# eating bamboo



## Older spice (Jun 27, 2010)

why is my 2 year old pigeon nibbling on my lucky bamboo leaves, its quite a sight really very beautiful if i ever have the right time to take a picture , but i find it odd that it does that , does anyone know why ?


----------



## pdpbison (Mar 15, 2005)

Because you do not provide them with fresh, wholesome leafy Greens to eat.


----------



## Older spice (Jun 27, 2010)

O_O i didnt know he needed greens ! what kind he never dhowed an interest in plants before now


----------



## MaryOfExeter (Sep 30, 2007)

Chards and lettuce are good to give them I believe.


----------



## Older spice (Jun 27, 2010)

how do i make it eat it ? it doesent show much interest in it


----------



## MaryOfExeter (Sep 30, 2007)

I think it's something they have to get used to.

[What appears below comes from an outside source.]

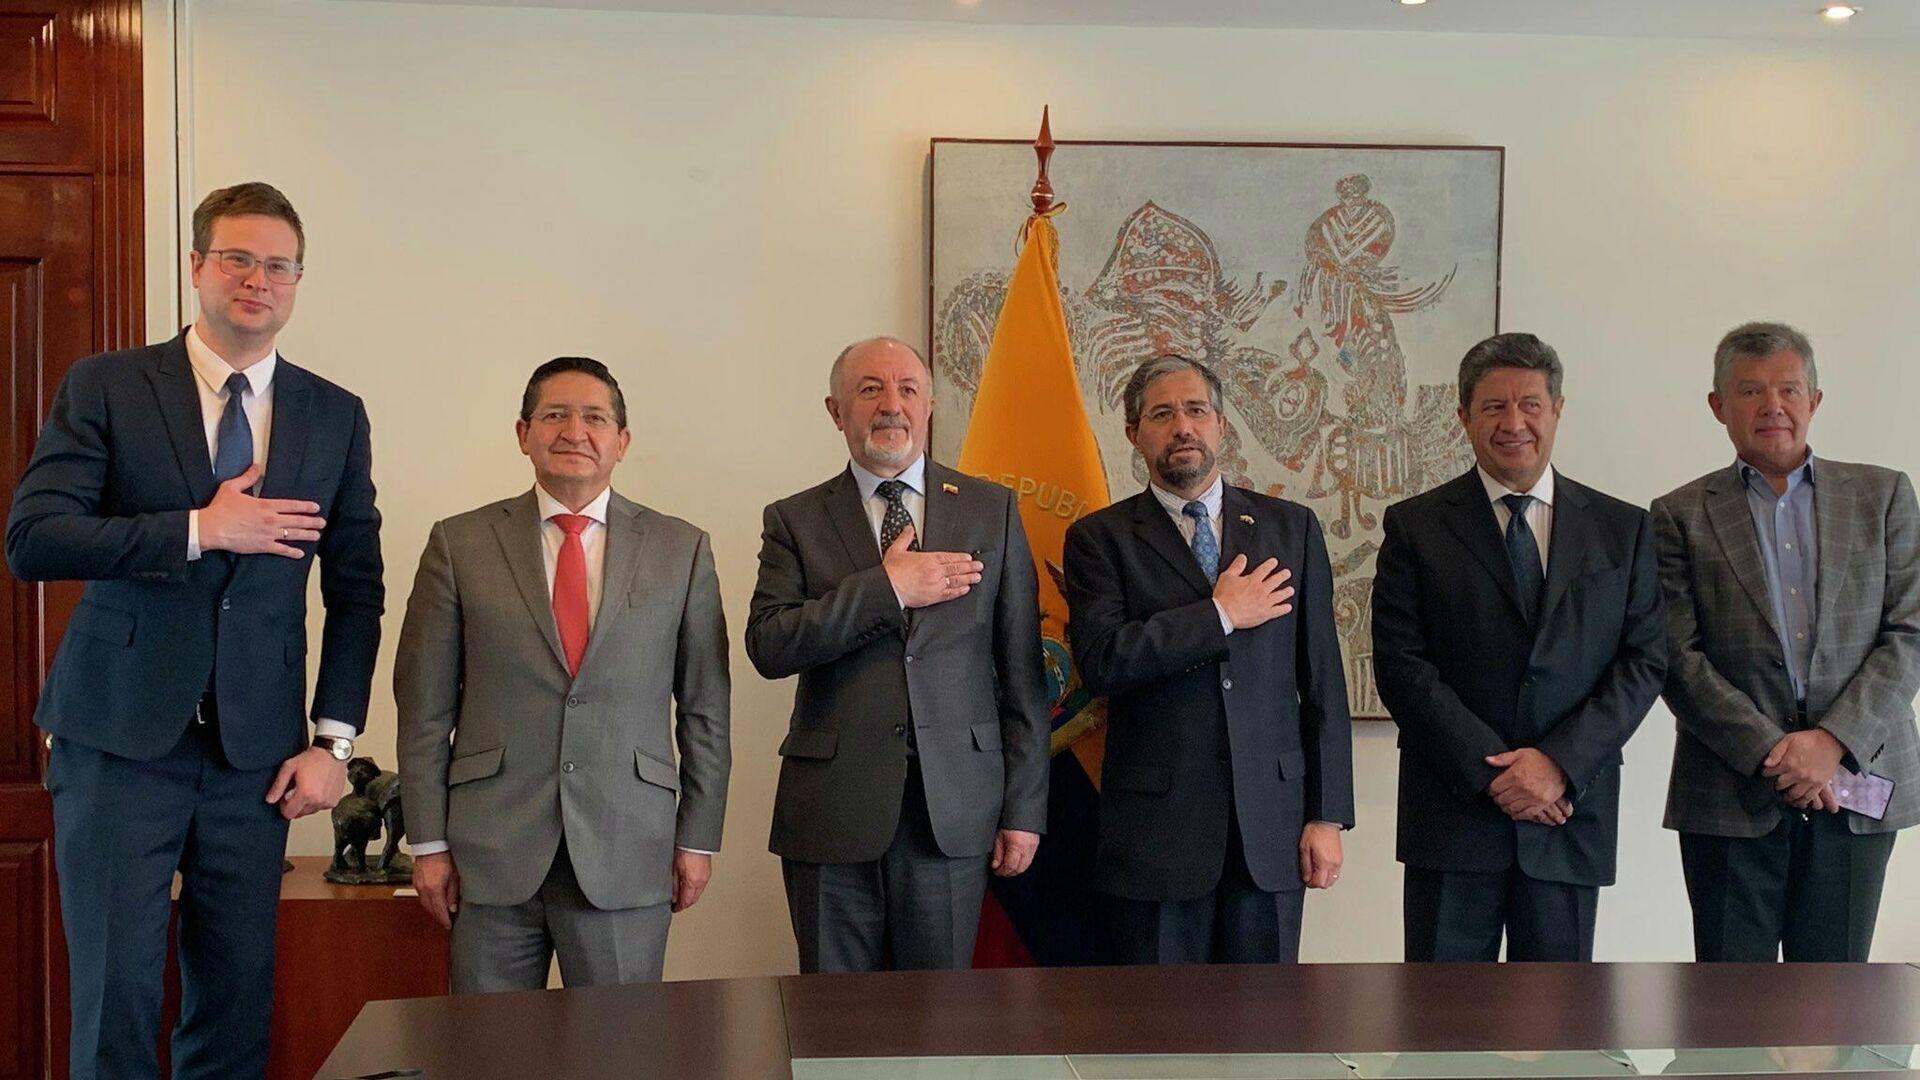 Al centro, embajador ruso en Quito, Vladimir Sprinchan, junto a Mauricio Montalvo, canciller de Ecuador - Sputnik Mundo, 1920, 05.07.2021

Like peanuts - they don't show much interest in them at first, but once they get the taste, they love them!


----------



## goga82 (Aug 17, 2009)

yeh pigeons eat grass as well, regular grass u find outside...


----------



## doveone52 (Aug 3, 2009)

I have a planter of garlic chives next to the aviary and they love to shred that to pieces!


----------



## Older spice (Jun 27, 2010)

my pigeon goes nuts over penuts,he get all agressive when i`m feeding him , must enjoy it alot


----------



## nmillerhhi (May 30, 2008)

I've never been able to get my pigeon to eat any kind of fresh greens. She really gets into whole grain or multigrain brown rice. Other than that, she eats dried lentils, dried split peas, dove feed, etc. I've offered all kinds of fresh things but she won't pay attention to them.


----------